If you're using Windows XP Professional and you do work on both your home and your office computers, Remote Desktop can be a lifesaver - it's not unknown for me to be working on documentation at home and forget to connect to work to save the file on my office computer, for example. Remote Desktop to the rescue - since I leave my primary home machine on 24x7 and it's connected via DSL, I just remote into the home box and grab the necessary files. No fuss, no muss, and I have it here in time to hand off to the team for review.

However, what if, like my household, you have multiple machines, all of which need to be directly accessible via Remote Desktop from an external location, and you only have one IP address that points to your router? Since Remote Desktop by default looks at port 3389, you can't exactly set up port forwarding to point that single port to all of your machines.

There is an answer, or rather, two answers. Both of them are detailed in Microsoft Knowledge Base articles.

The first one is this:

Configuring the Remote Desktop Client to Connect to a Specific Port - this tells you how to get your client machine (in this case, the one you're on at work) to talk to a different Remote Desktop port than the default. In some cases, this plus a little configuration on your home router may be all you need. If your router's port forwarding option allows you to configure a public port plus a private port for each computer, all you need to do is set a different public port for each of the computers you want to access, and set the private port for each to 3389.

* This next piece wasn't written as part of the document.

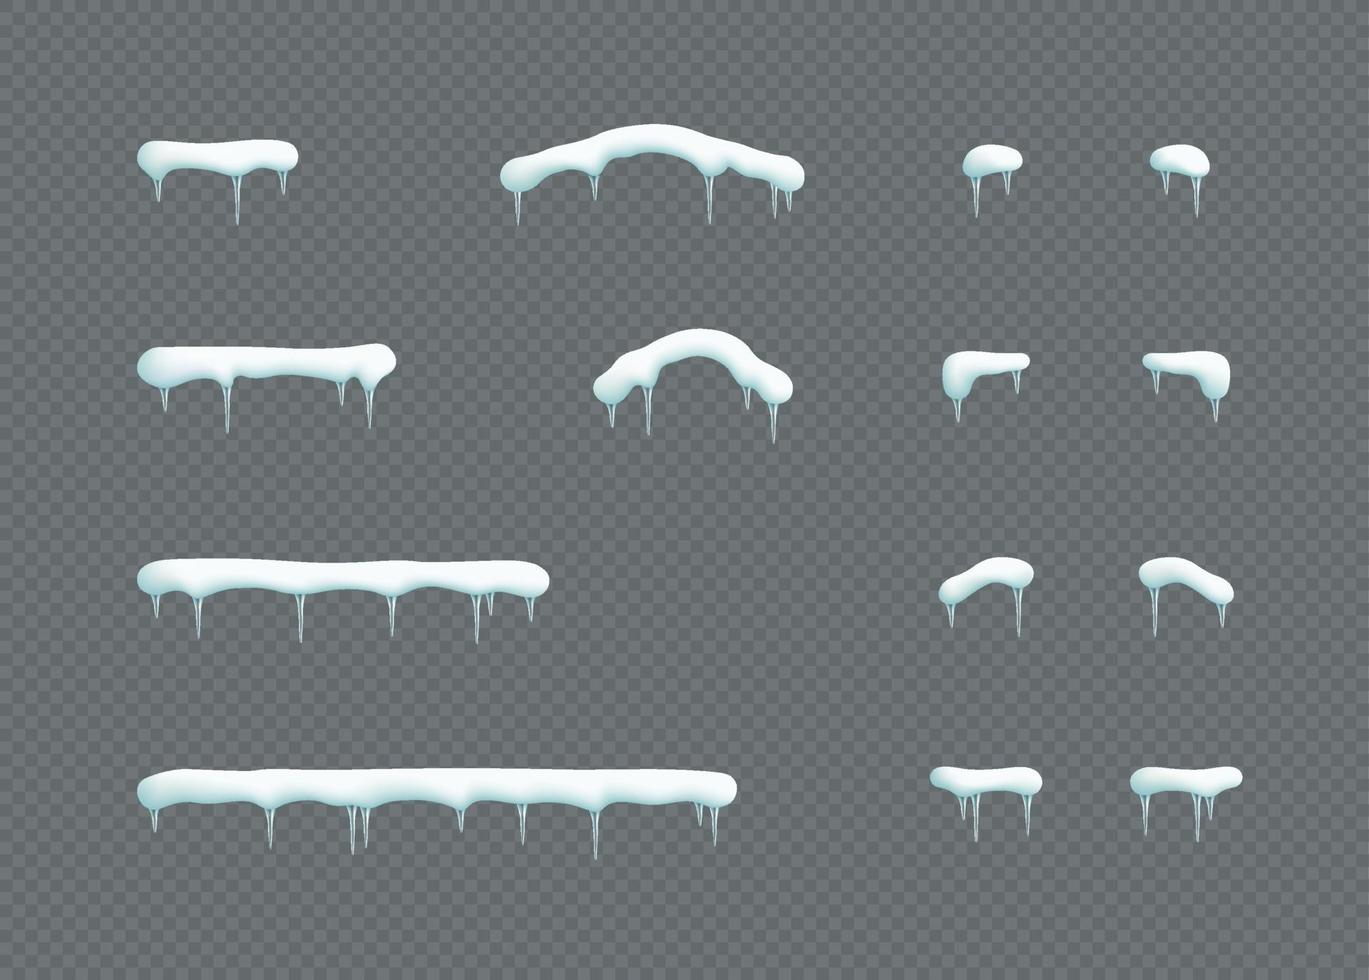 sneeuw pet toppers ijspegels Kerstmis winter elementen reeks vector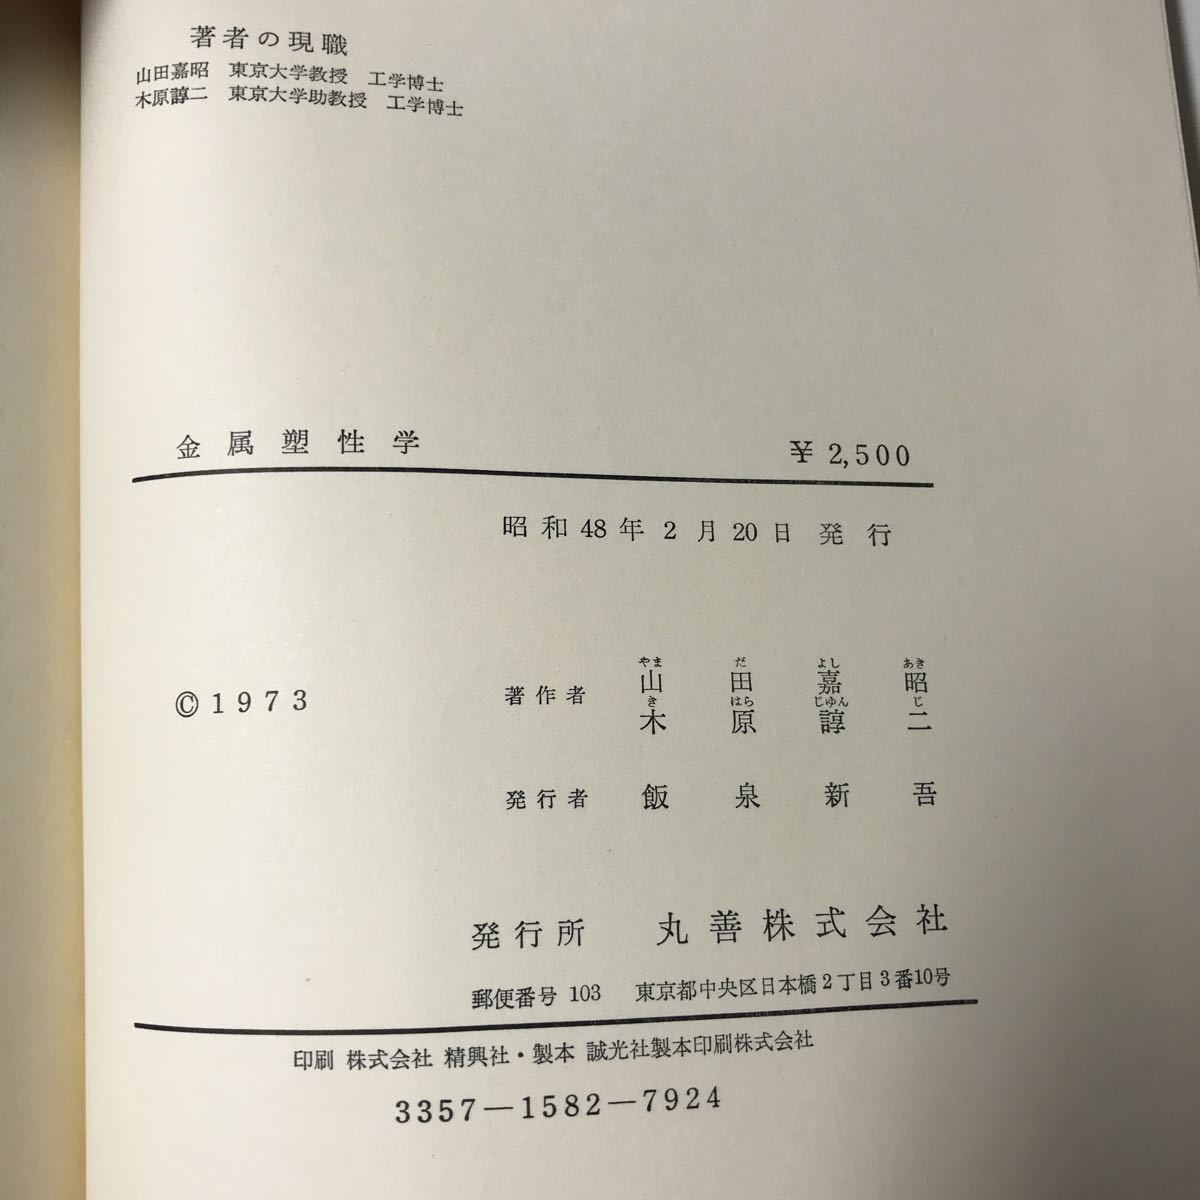 220916*P19* металл ... металлургия стандарт учебник гора рисовое поле .. Showa 48 год выпуск круг . акционерное общество

But what if your router doesn't expose a private port as well as a public port? No problem. That's where this article comes into play: How to Change the Listening Port for Remote Desktop (caution! This involves registry editing, and is only recommended for experienced users!). What you'll be doing is changing each of your home machines to listen to a different port for Remote Desktop connection requests. Then configure your home router with the same port numbers forwarded to the appropriate machine (So if Machine X is listening for Remote Desktop connections on port 2222, port 2222 is forwarded to Machine X on the router).


----------



## cruze5 (Aug 25, 2004)

are you wanting to just access files or "work" on your computer at home? if you just want to access files either set up and ftp server or use DMZ. and make sure you setup passwords on the folders you share


----------



## pacetbird (Aug 16, 2004)

Thanks everyone! I got the port forwarding to work. Plus, I found out that my work wireless network was blocking the ports for RDC. They fixed the problem!


----------